#### Activity
Retype, exactly as they appear below, the lines between the line holding "Vektor nahtlose Muster" and the line holding "邳州市中医院已开启核酸检测混采服务", both ends included.
━━━━━ Dataset entries ━━━━━
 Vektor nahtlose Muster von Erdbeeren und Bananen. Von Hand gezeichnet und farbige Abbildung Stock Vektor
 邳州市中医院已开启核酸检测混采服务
━━━━━
━━━━━ Dataset entries ━━━━━
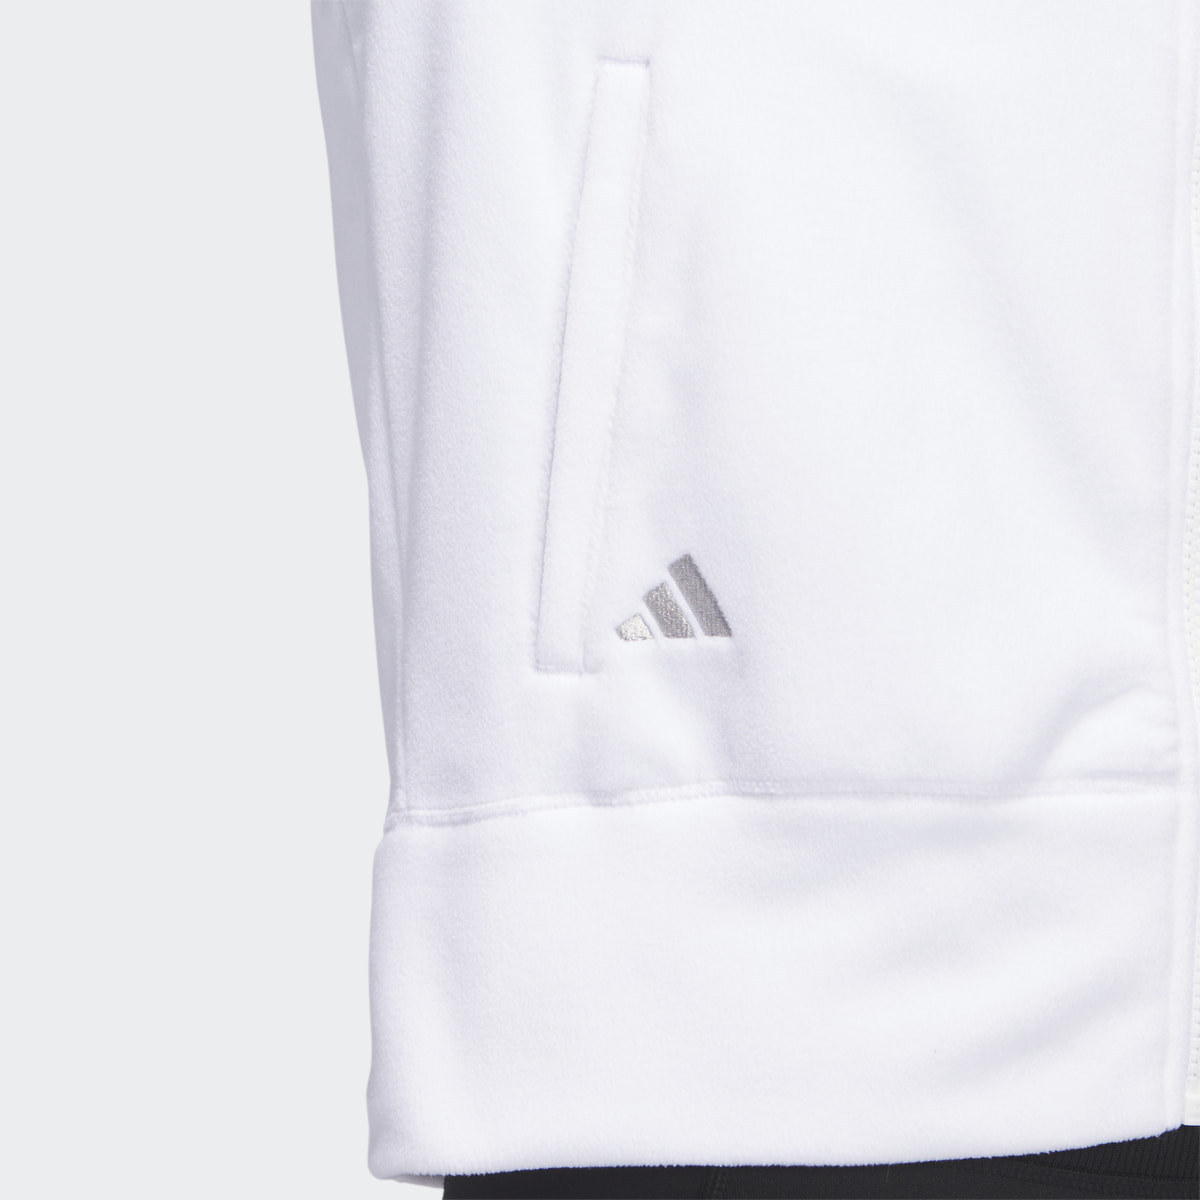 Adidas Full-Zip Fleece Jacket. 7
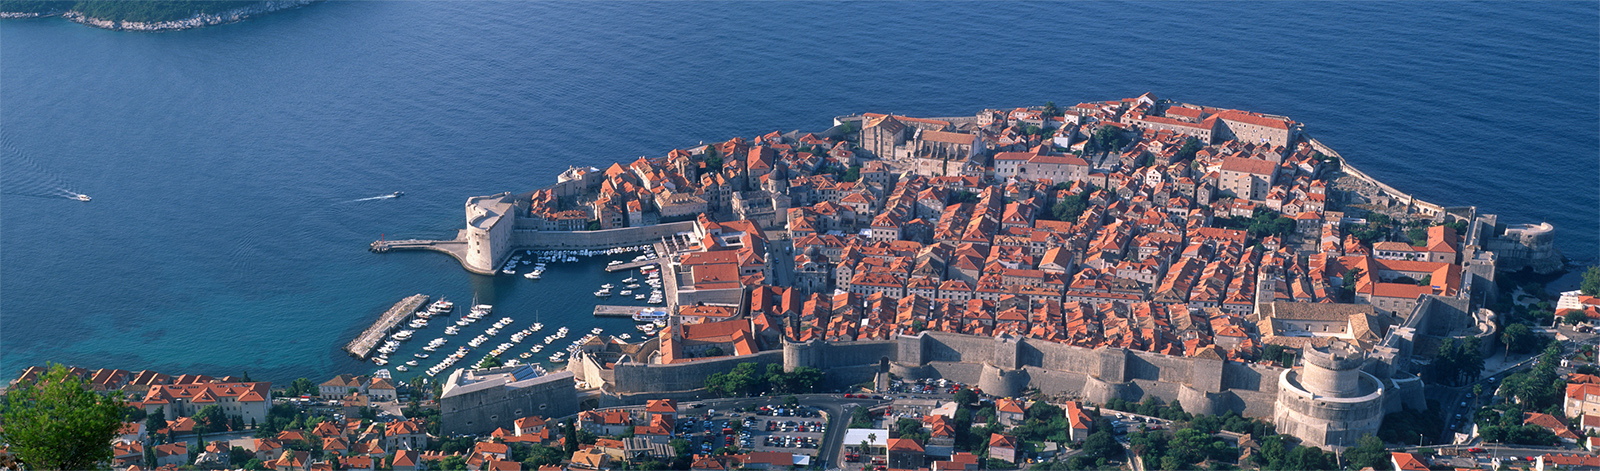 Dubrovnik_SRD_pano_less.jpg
━━━━━
#### Output of the exercise
 Vektor nahtlose Muster von Erdbeeren und Bananen. Von Hand gezeichnet und farbige Abbildung Stock Vektor
 邳州市中医院已开启核酸检测混采服务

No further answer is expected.